[Supplied material Boundary: Start]
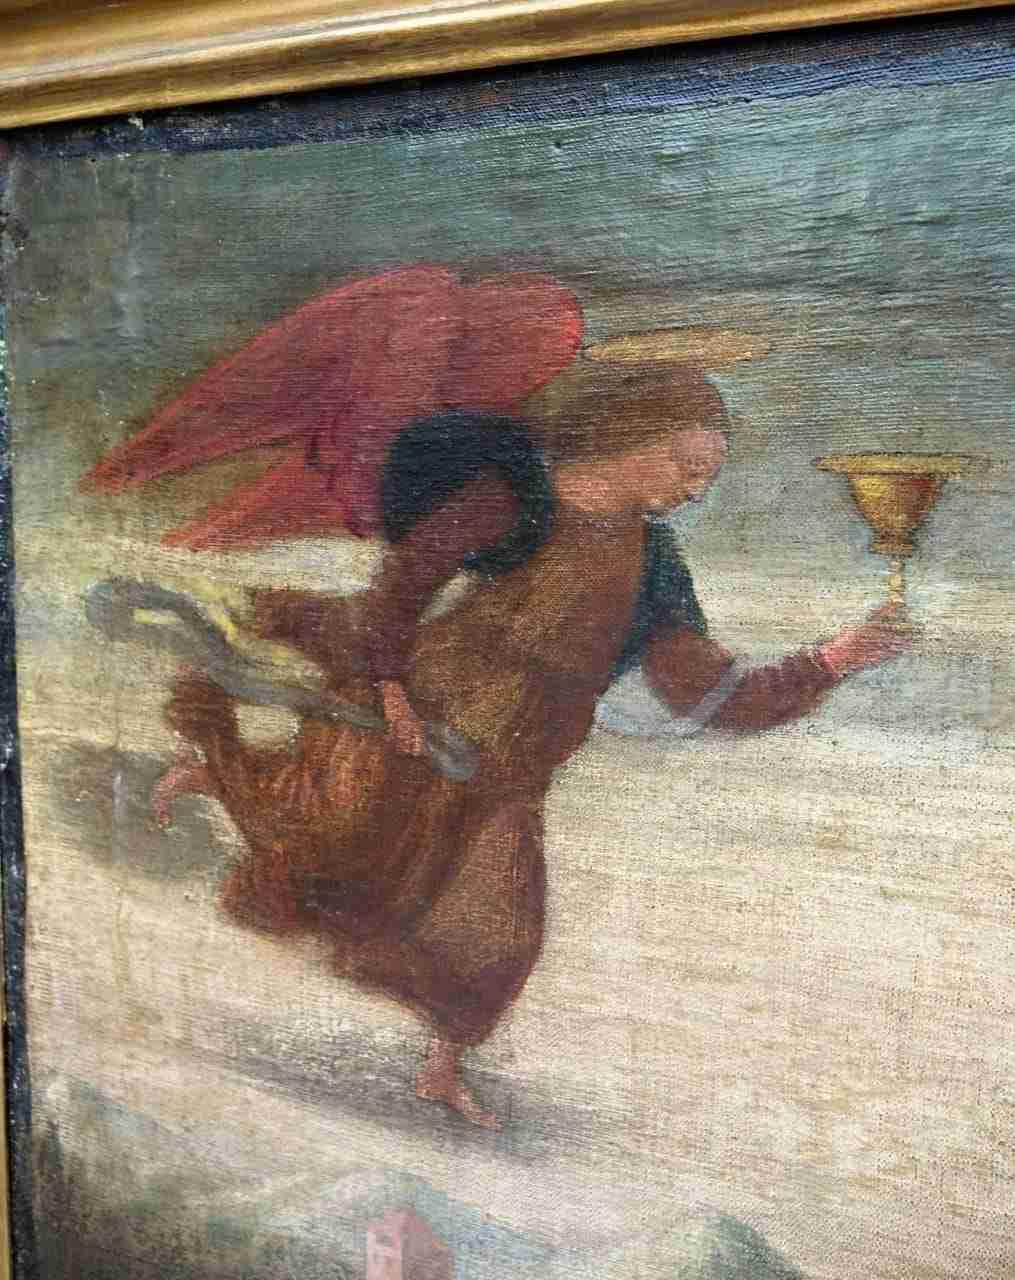 dipinto-500-orazione-nell-orto-4
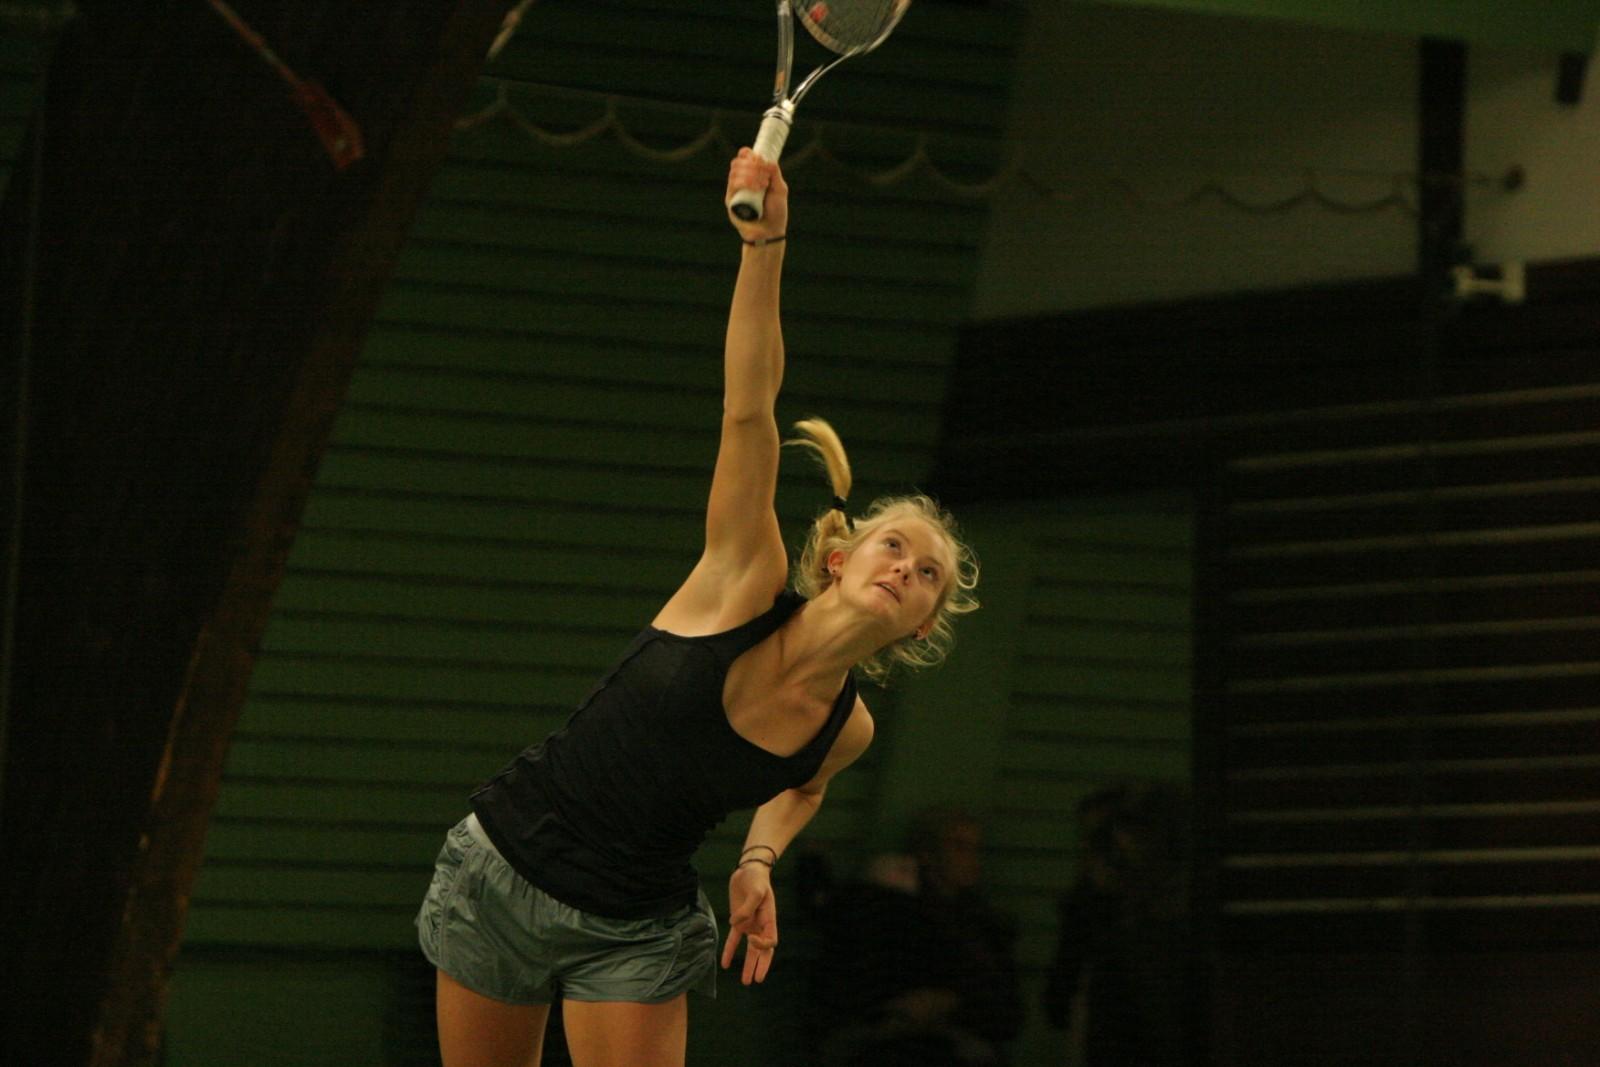 Luise Intert
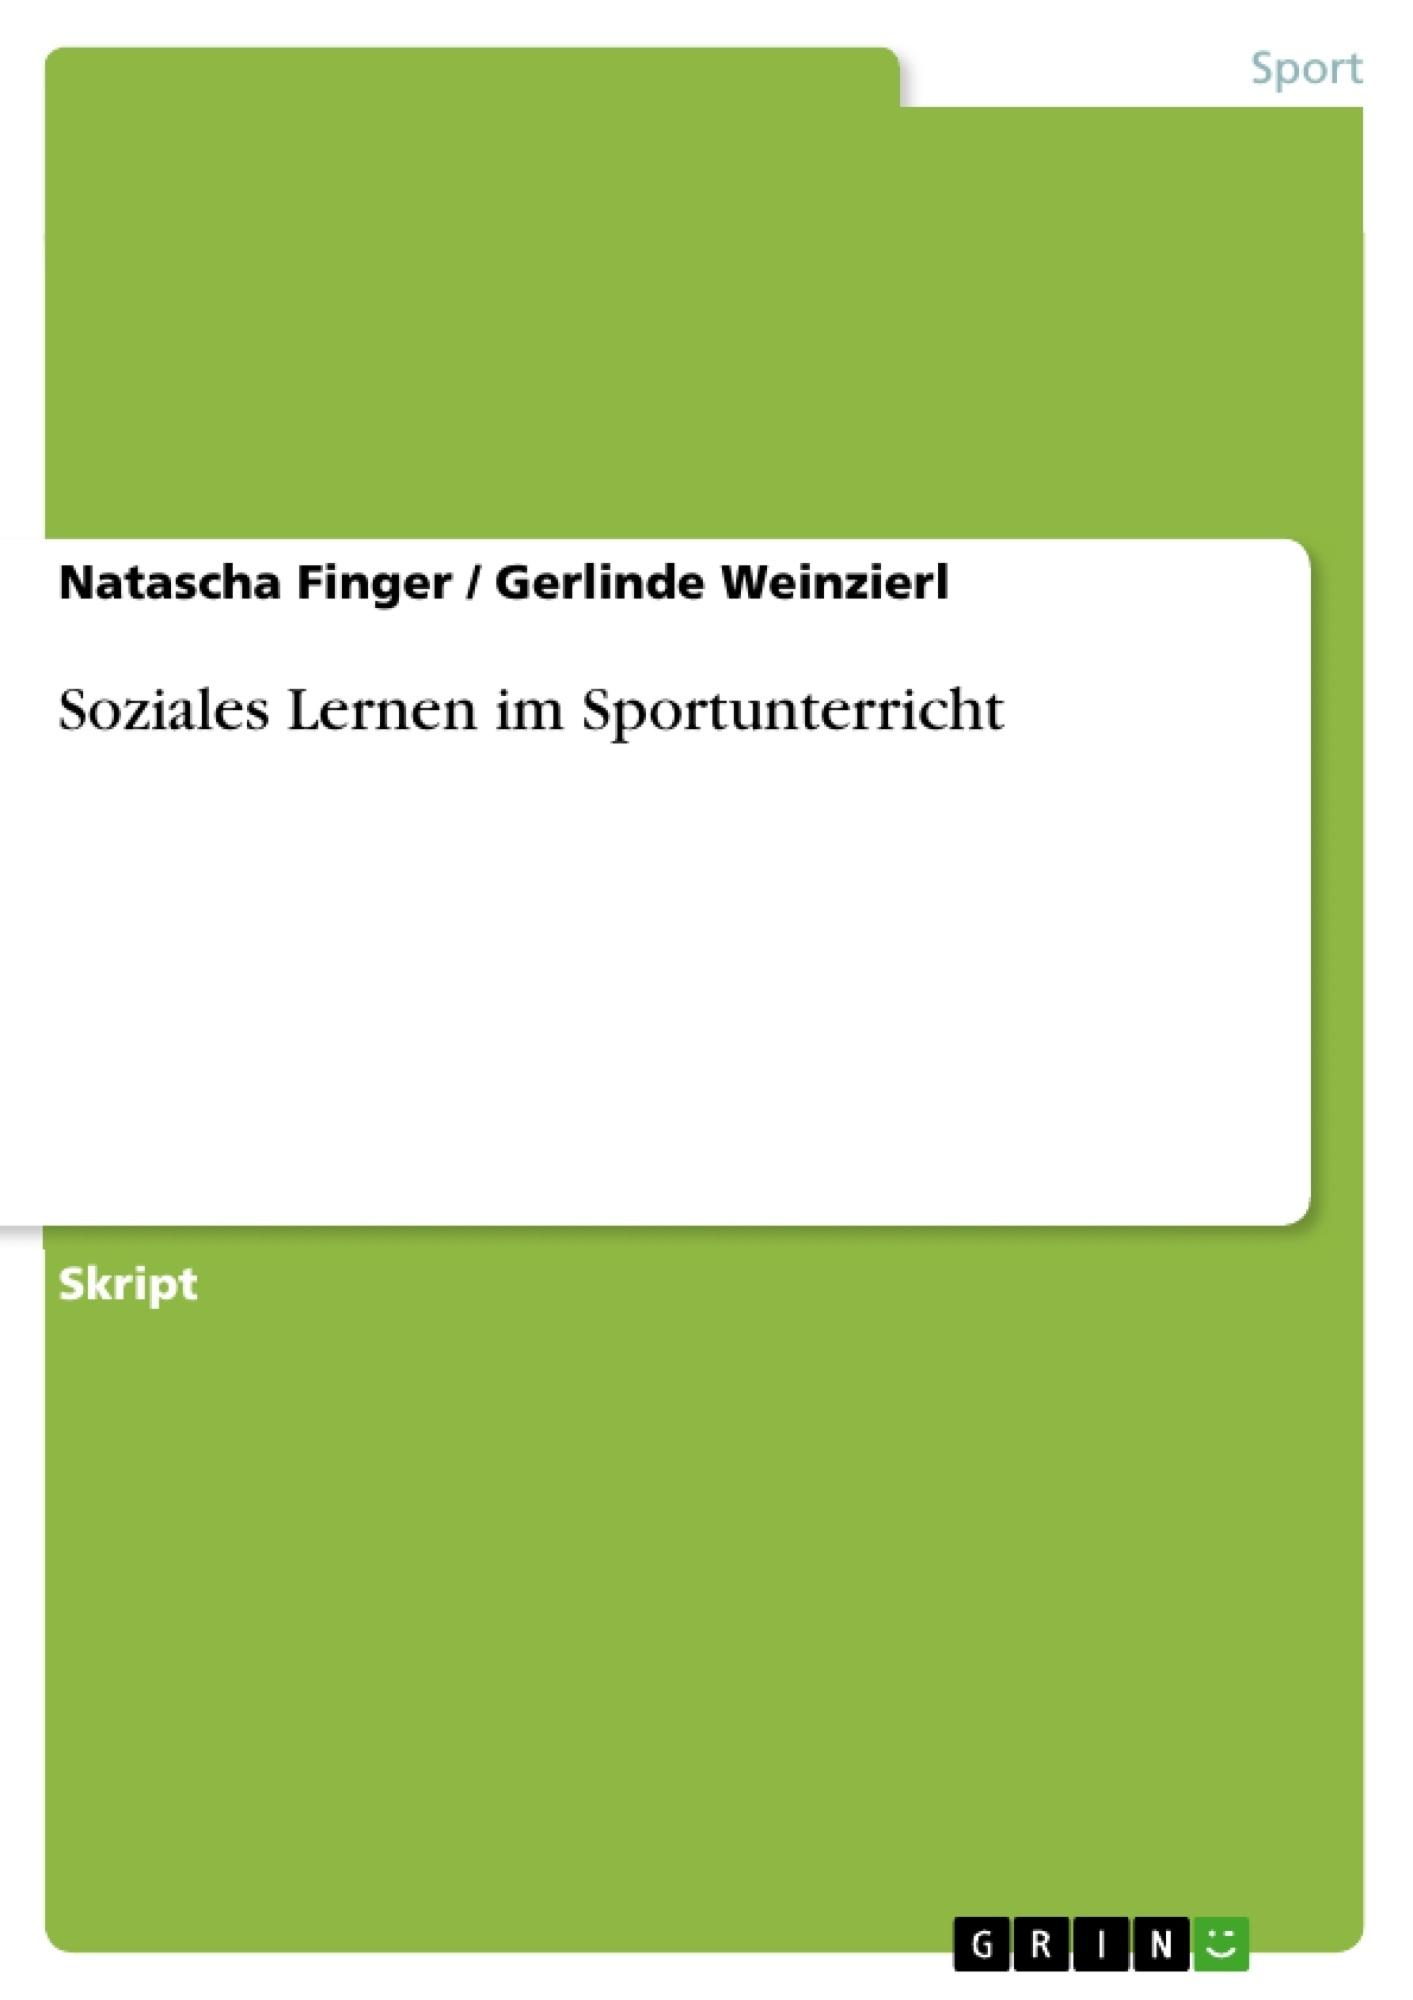 Titel: Soziales Lernen im Sportunterricht
[Supplied material Boundary: End]
■ Problem to solve ■
Without any pictures, write out the lines running from the one containing "Luise Intert" through the end of the listing above, both included, exactly as given.

■ Response area ■
 Luise Intert
 Titel: Soziales Lernen im Sportunterricht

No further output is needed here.